Bacardi Solidifies Relaunched Havana Club Brand With New Campaign

After last year’s skirmish over the rights to the Havana Club brand name in America, Bacardi has backed its newly relaunched rum brand in America with the “Forever Cuban” campaign.

Bacardi rolled out the classic Cuban rum brand in America last year. The company has long locked horns with Pernod Ricard in a battle over who has rights to the brand in this country.

The Bacardi rum is distilled in Puerto Rico. The campaign “affirms that although the brand is no longer produced in Cuba, it is, and will forever be, Cuban,” the company says, while also “asserting its rightful place as the original Havana Club rum.”

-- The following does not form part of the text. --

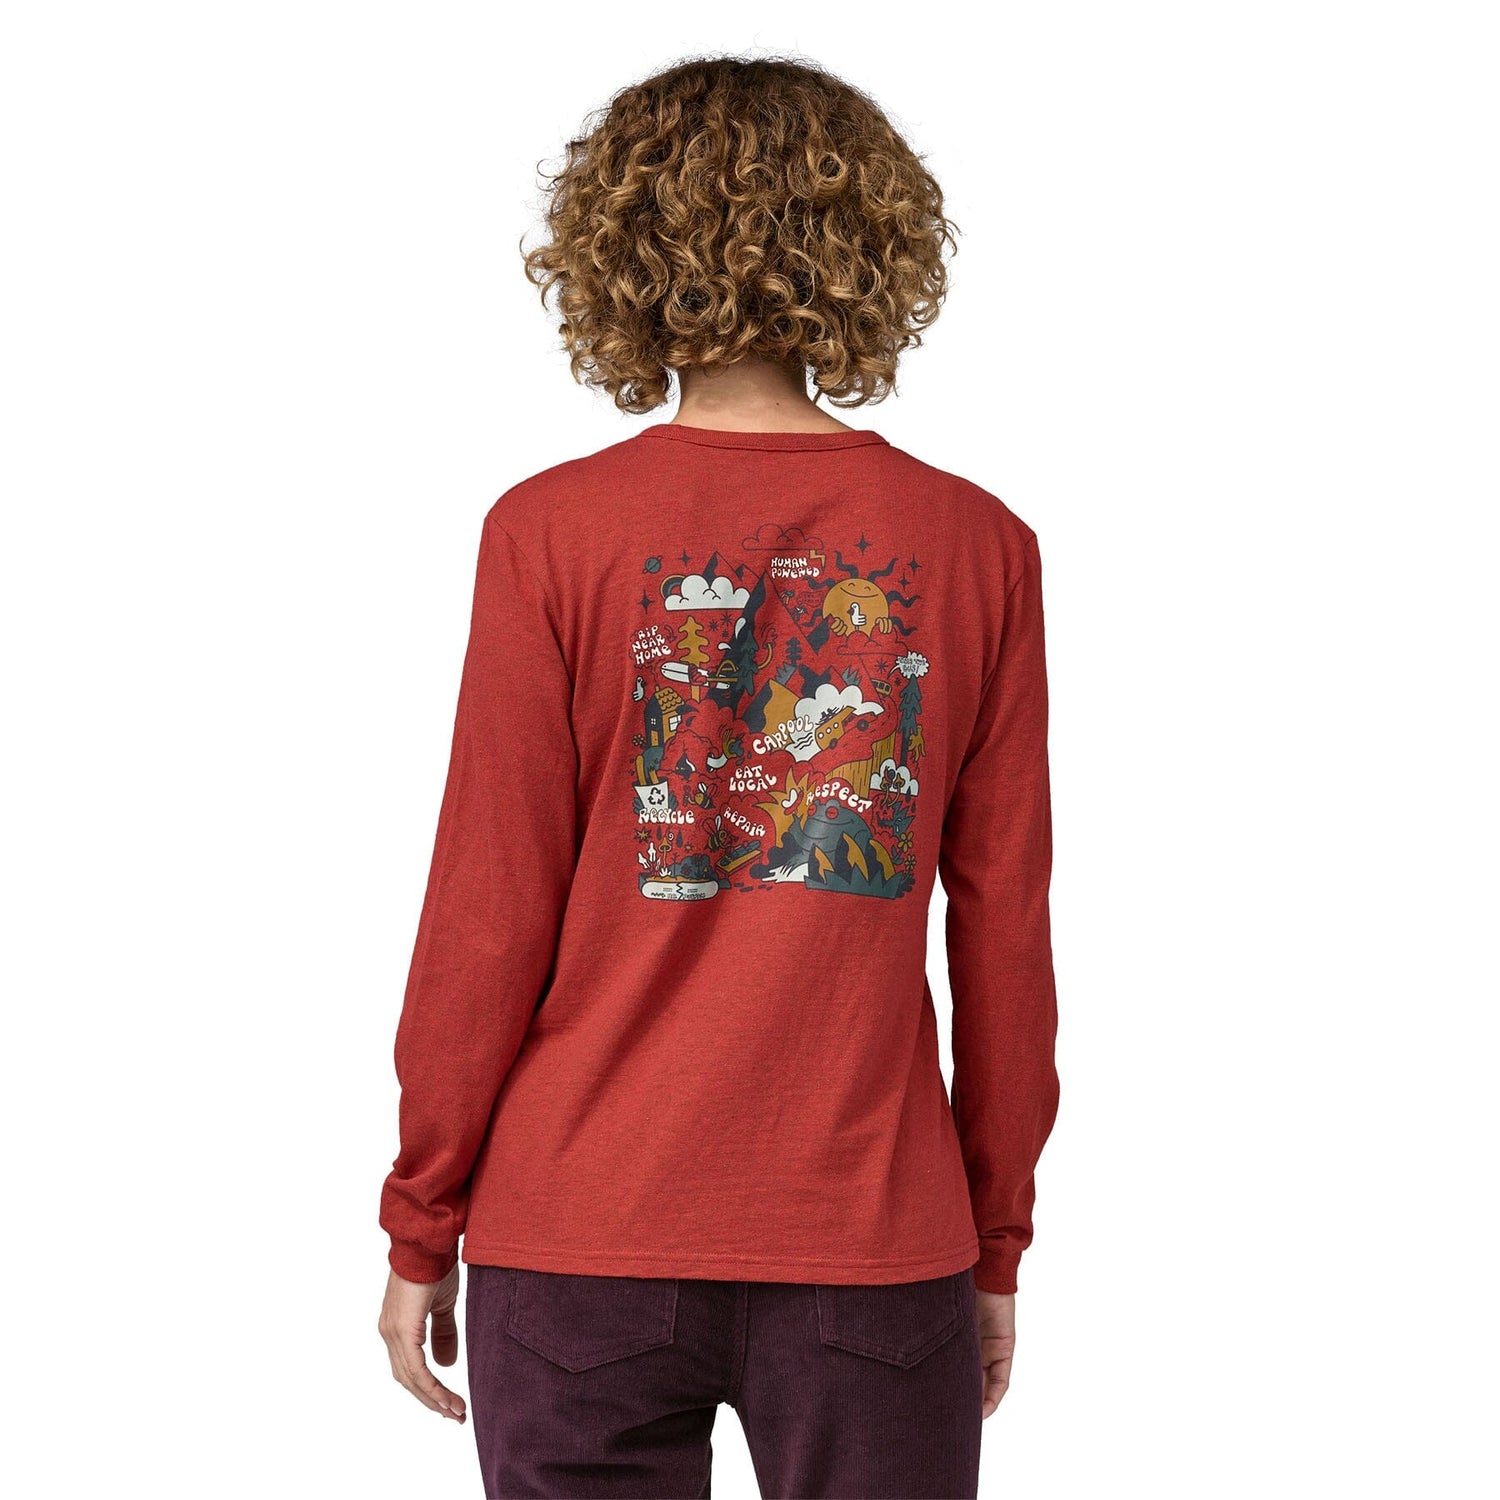 Patagonia W's L/S How To Slide Responsibili-Tee - Recycled Cotton & Recycled Polyester Burl Red Shirt

The campaign launched on YouTube and Havana Club social media channels with a 60-second spot that features Cuban-American actor Raul Esparza — best-known for his roles on Law & Order: Special Victims Unit and Hannibal — reciting “Island Body,” a poem written for the campaign poet Richard Blanco. Written, produced and directed entirely by Cuban exiles in Miami, and available in both English and Spanish, the film culminates with the tagline “Forced from home. Aged in Exile. Forever Cuban.”

To further convey the brand’s “story of exile, perseverance and resurgence,” Havana Club rum has unveiled a new website in tandem with the campaign launch.

Havana Club rum is based on the original recipe created by the Arechabala family in Cuba in 1934. In 1960, the Cuban government, under Castro’s rule, “seized the Arechabala family’s distillery without compensation and forced the family to flee,” the company says. “After the Arechabala family was exiled, the recipe was personally transcribed by Ramon Arechabala and given to Bacardi as part of an agreement between the two families.”

As a result, Bacardi has sold Havana Club rum exclusively in the U.S. since 1995. Pernod Ricard sells the brand outside of the U.S.